The last variable is the tooling, the end mill or drill or slitting saw. Even though the machine knows where it is when it homes, it doesn't actually know where the edge of tool itself is in relation to the Z axis. This is because we are always changing tools and it is nearly impossible to get every tool to be chucked in the same exact location, with the same exact length protruding from the spindle. They are going to be all different lengths, and even the same tool will be mounted differently every time you use it.
Most entry level CNC systems depend on tools from the manual milling world to help accurately resolve these variables, a precision ground rod, split in two and held together with an internal spring exhibits an almost
magical behaviour when it is rotating and just contacts a surface. It will suddenly displace itself in an easy to recognize and highly repeatable way. By recording the coordinates you are at when this happens, you can map the location of the workpiece into the machine's coordinate system. Some people will use a thin slip of rolling paper in between the end mill and the work, carefully moving the mill closer and closer until the paper is trapped and pulled by the mill's rotation. (This seems dangerous, especially on a mill that has computers controlling it.) To get the height of the material (and also solving the whole "How long is this tool?" length issue) it is common to gently lower the tool until it just touches the top of the workpiece, or even better using a precision ground pin or rod of a known diameter to gently roll in between the endmill and the workpiece. You can lower the tool a little bit at a time until rolling the rod under the end mill just barely touches the edge, thereby ensuring a safe distance so you don't accidentally crash the expensive mill into the workpiece or mar it in any way (don't forget to subtract the rod diameter!).

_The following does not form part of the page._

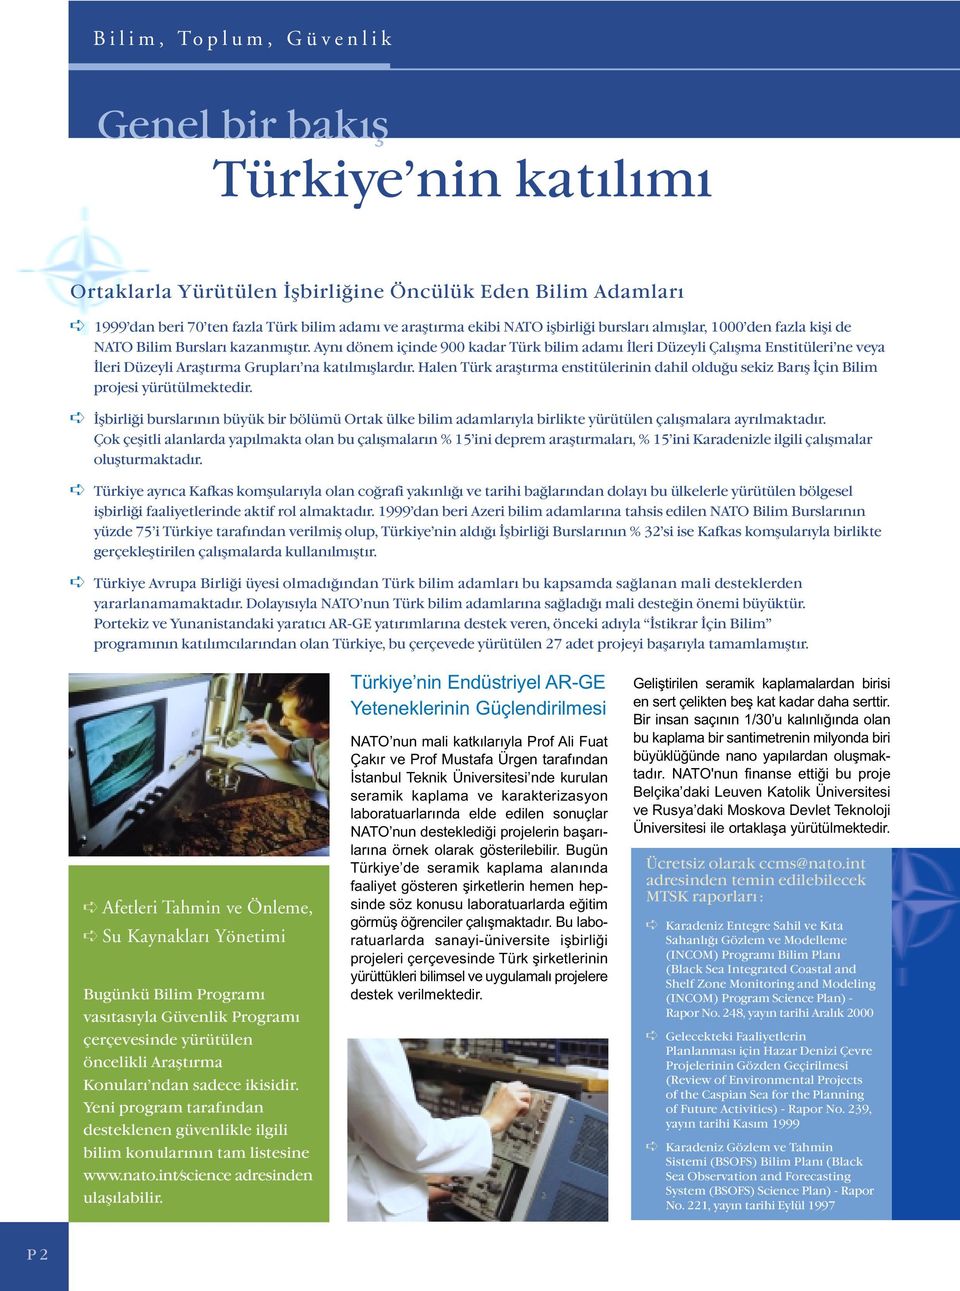 Aynı dönem içinde 900 kadar Türk bilim adamı İleri Düzeyli Çalışma Enstitüleri ne veya İleri Düzeyli Araştırma Grupları na katılmışlardır.
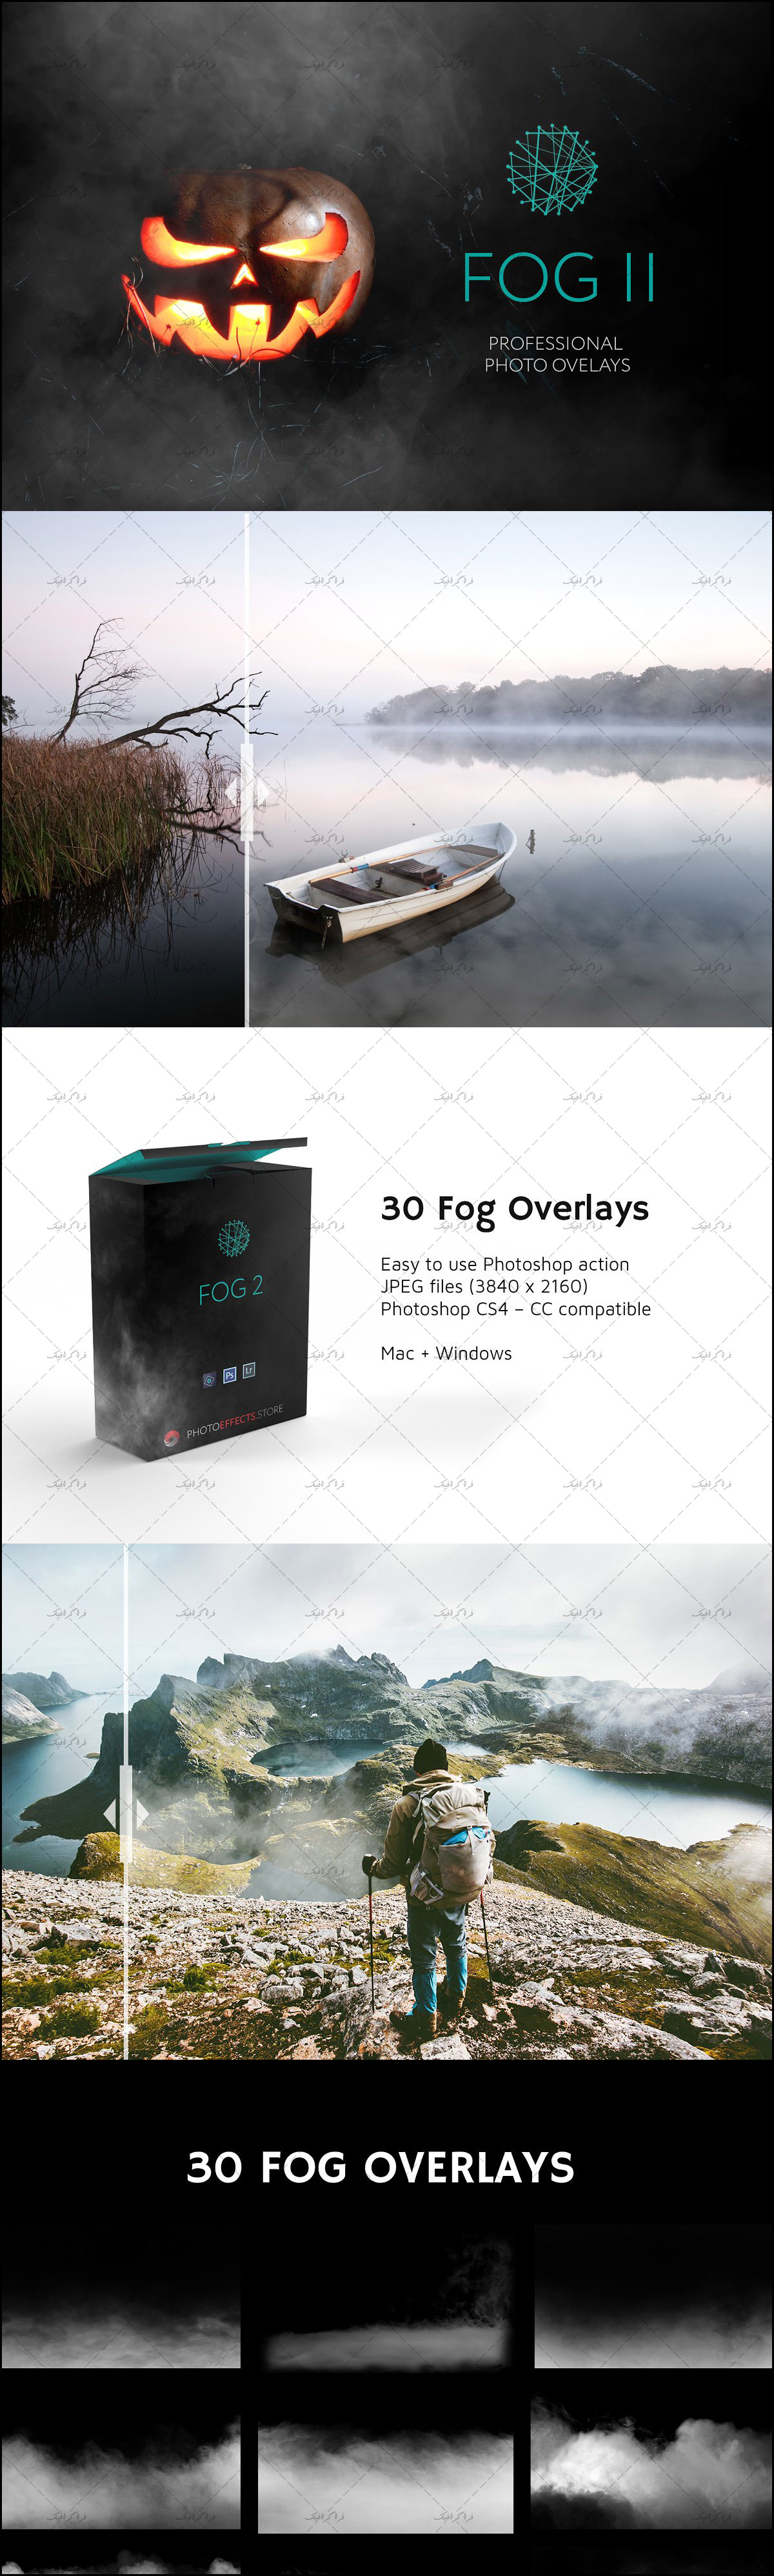 دانلود تصاویر افکت مه - کیفیت بالا

All of these strategies are proven and workable, but they are also tedious and prone to human error when you are entering these values into the system, you forget to account for the offset or move the probe in the wrong direction crashing it. Better systems use more automated ways of gathering this information. The simplest of these is a conductive loop type of probe that can signal to the machine the exact moment contact is made so the machine can automatically record the position. However this type of device relies on the workpiece being conductive so obviously this only works for a subset of materials, wood and plastics won't work with these. This type can also be used for a tool length probe, but in the case of material probing a common design uses a long tube with a metal ball at the end. The ball is held in place by being connected to a spring inside the tube, pulling it tightly against the lip of the tube. When the ball touches the material, the circuit is completed and the LED's light up. If you move too close, the ball can move off to the side, but it is easy to pull it too far. These devices
can be very accurate, but tend to be inexpensive and less precisely built than the more sophisticated probes and can be very susceptible to damage as the tube can't move. They also have no ability to absorb any forces in the
Z (up and down) direction, limiting their value for Z probing. The machine can be programed to automate the movements required to probe the material or feature location. This is a real time saver, and reduces the chance of Bozo moves that destroy your probes and tools.

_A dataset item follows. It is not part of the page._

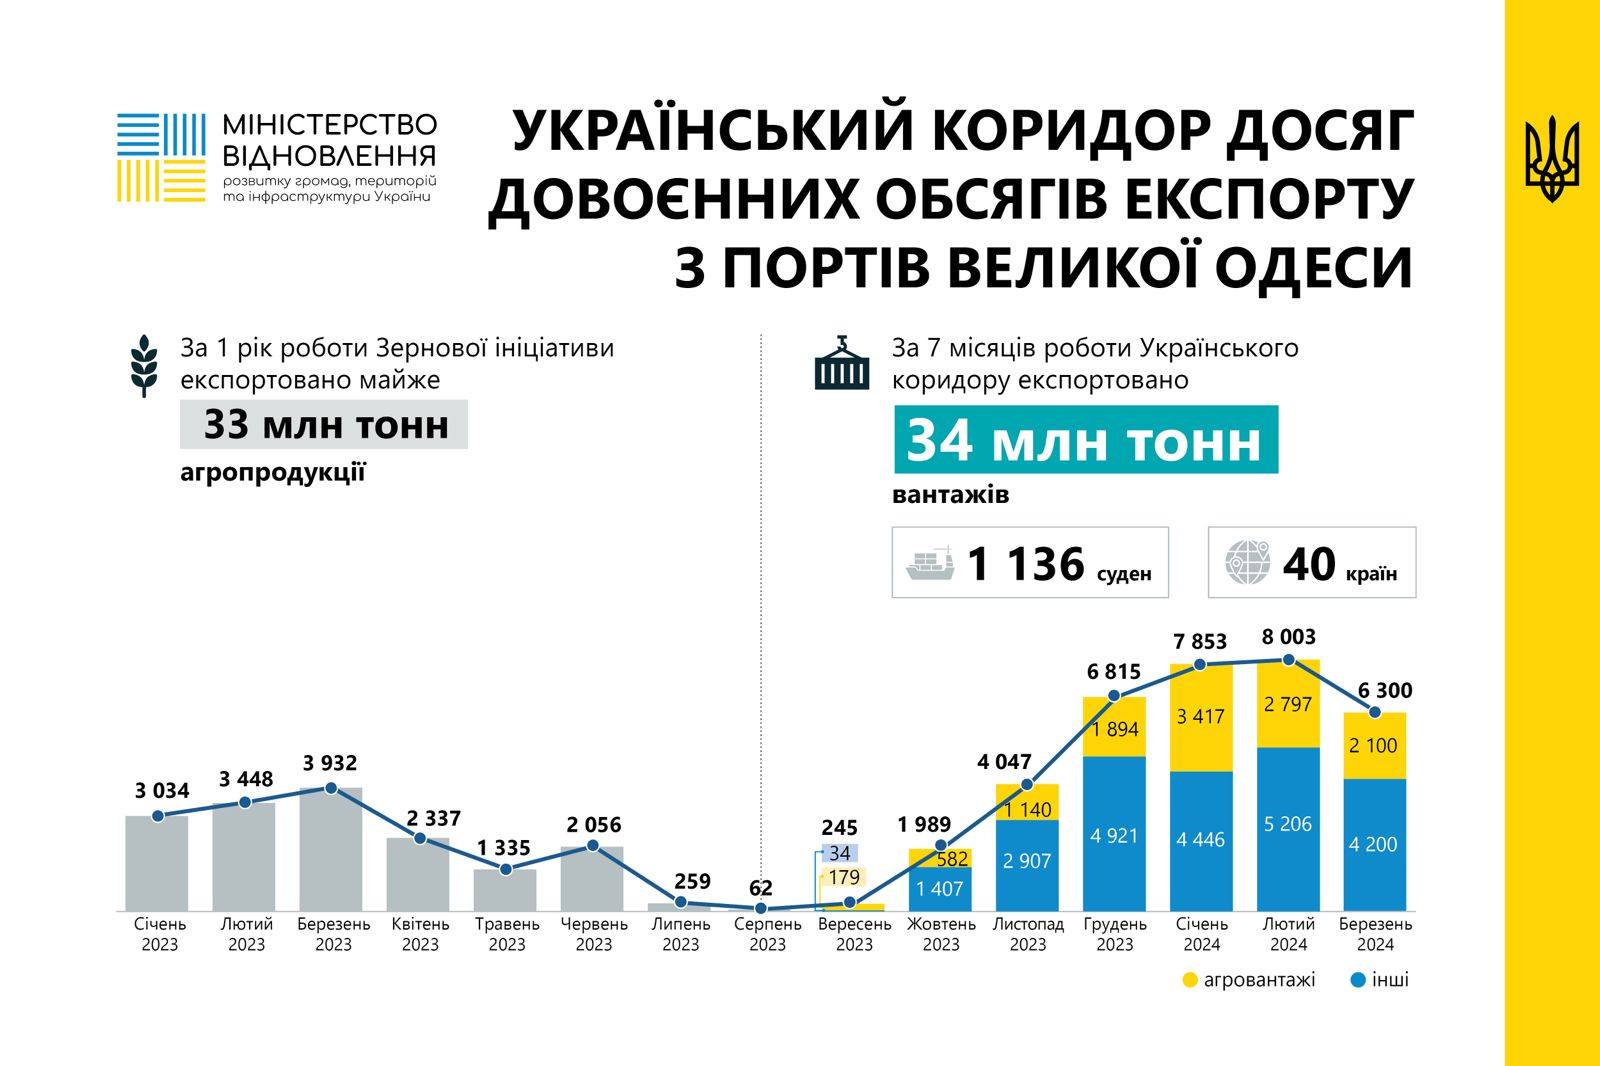 Украина выходит на довоенные объемы экспорта из портов Большой Одессы — фото 1

The more advanced probing mechanisms are based on the principals of Kinematic fixtures. This is an arrangement of precision shapes (there's more than one way to do it) that despite having a range of motion, are able to self align back to exactly the same location every time. The most common arrangement is used in Renishaw style probes that use a ball and rod arrangement. The advantage of such a system is that it works on non-conductive materials (also helpful as the best probe tips are made from non-conductive ruby balls) and the amount of deflection they can withstand reduces the chances of damage in the case of a crashed probe.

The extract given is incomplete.